EXERCISE OBJECTIVE ▸ Reproduce only the lines of the material below that start at the line containing "Fungible goods in" and stop at the line containing "PSF32GAUSB - Patriot". Keep both end lines.

RAW DATA ▸
BEGIN

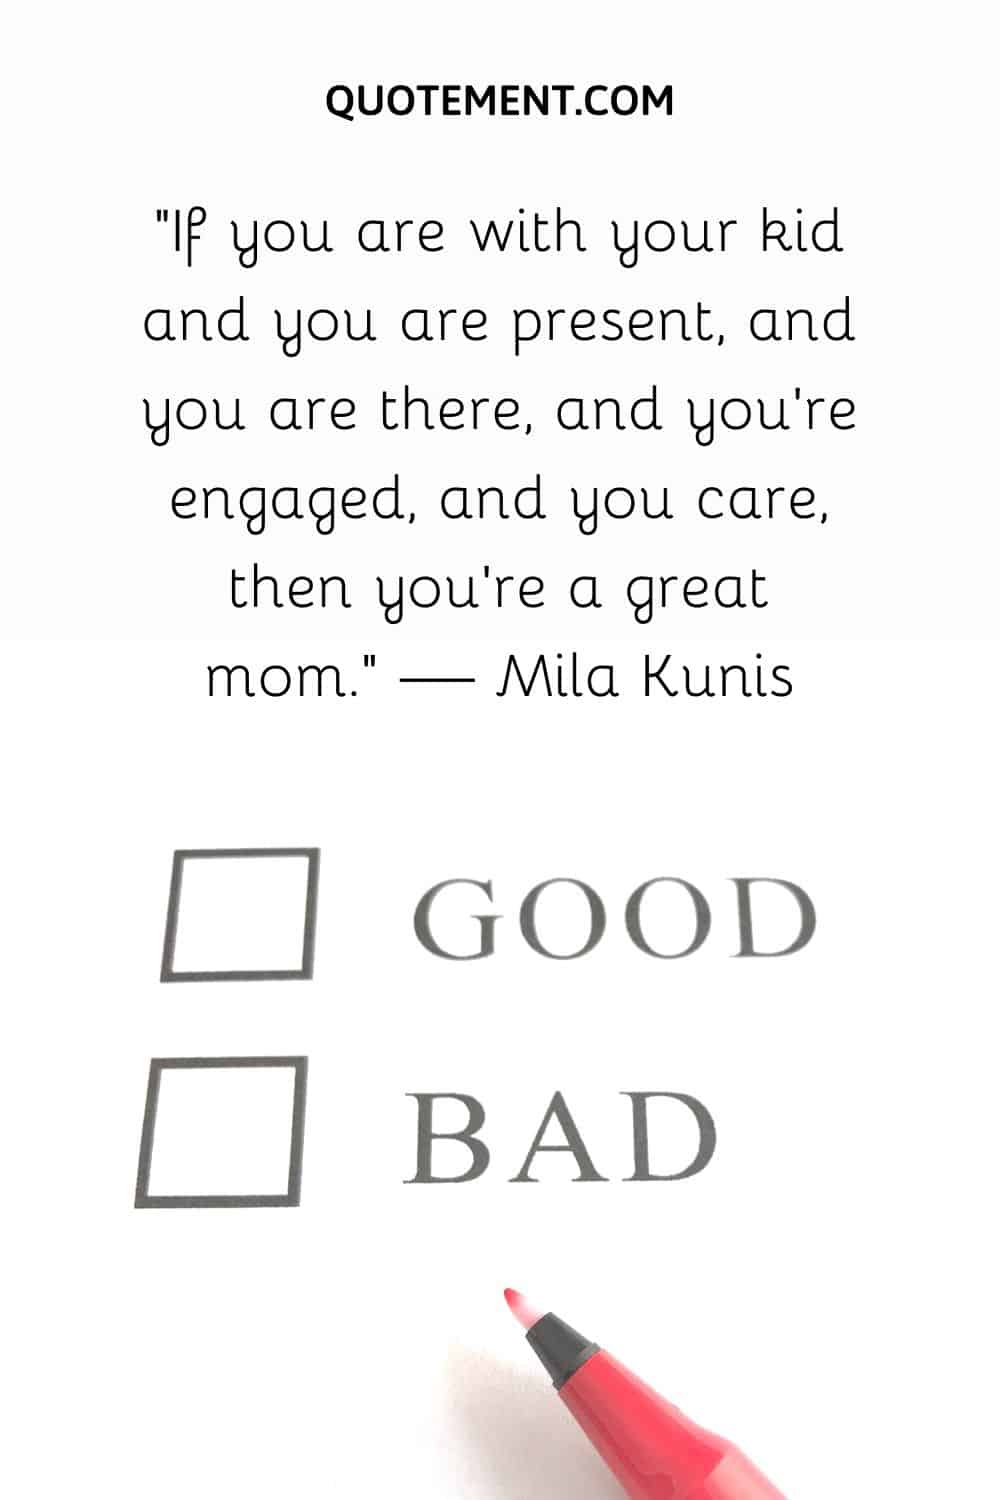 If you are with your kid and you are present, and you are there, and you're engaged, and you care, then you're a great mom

END
BEGIN

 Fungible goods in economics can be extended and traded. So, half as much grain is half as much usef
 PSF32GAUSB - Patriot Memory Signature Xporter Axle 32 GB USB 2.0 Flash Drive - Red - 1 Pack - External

END

ANSWER BOX ▸
 Fungible goods in economics can be extended and traded. So, half as much grain is half as much usef
 PSF32GAUSB - Patriot Memory Signature Xporter Axle 32 GB USB 2.0 Flash Drive - Red - 1 Pack - External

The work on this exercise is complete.